--- Work required ---
Go through the listing that follows and write it out exactly. Drop the pictures.

--- Data below ---
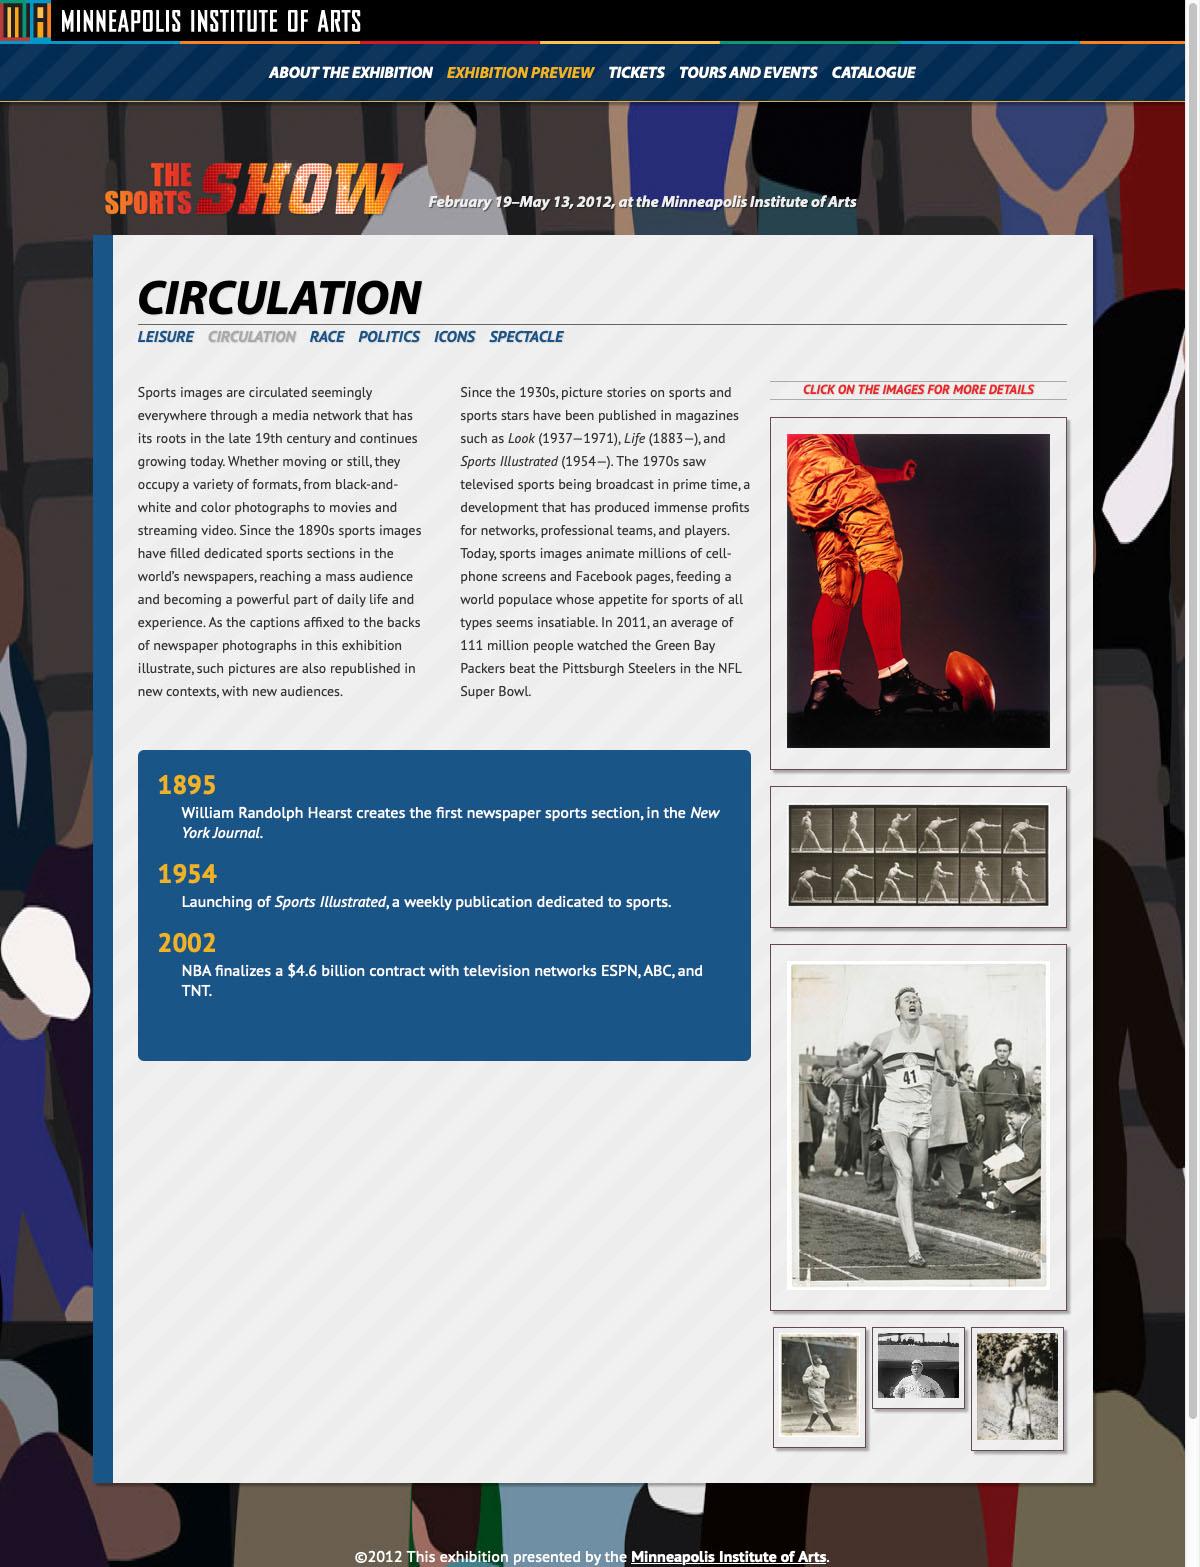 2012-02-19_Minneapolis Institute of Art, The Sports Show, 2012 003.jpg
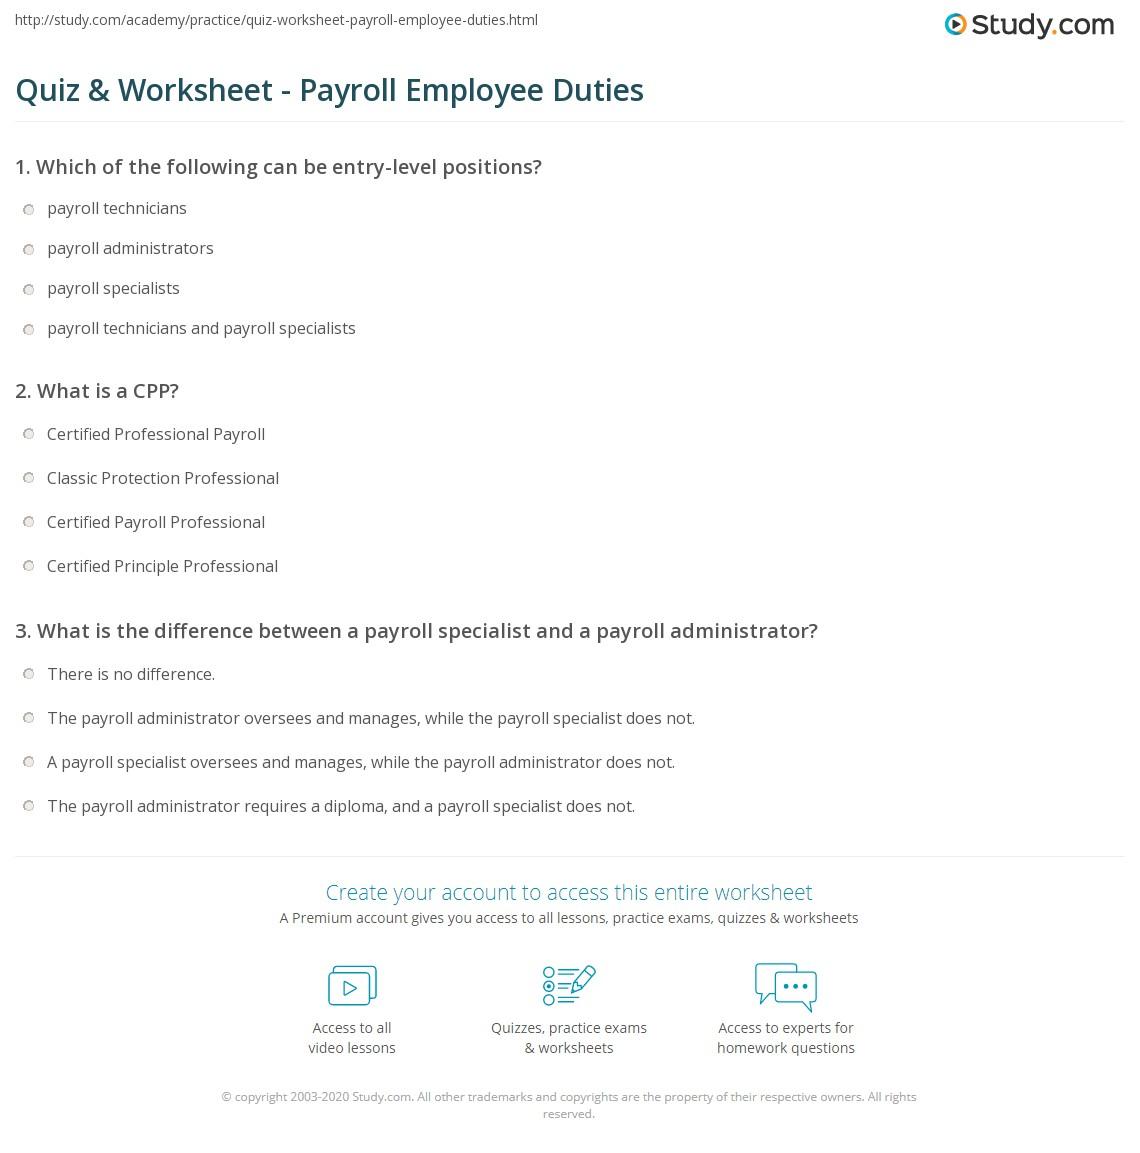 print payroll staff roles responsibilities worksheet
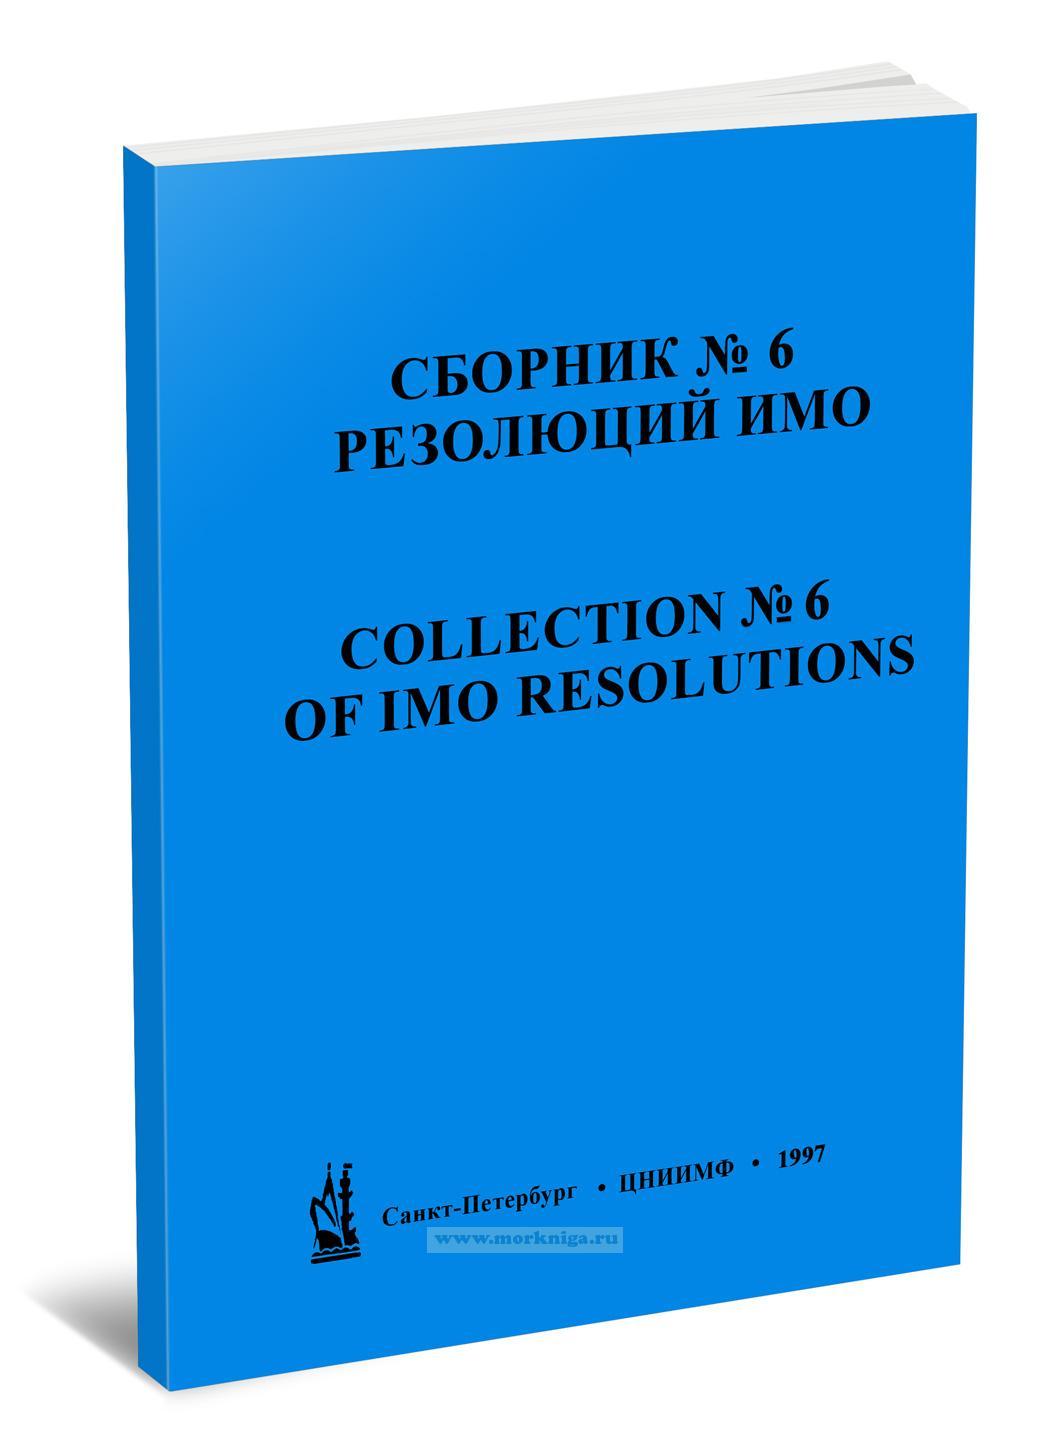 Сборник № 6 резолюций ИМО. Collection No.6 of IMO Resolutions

--- Answer to this problem ---
 2012-02-19_Minneapolis Institute of Art, The Sports Show, 2012 003.jpg
 print payroll staff roles responsibilities worksheet
 Сборник № 6 резолюций ИМО. Collection No.6 of IMO Resolutions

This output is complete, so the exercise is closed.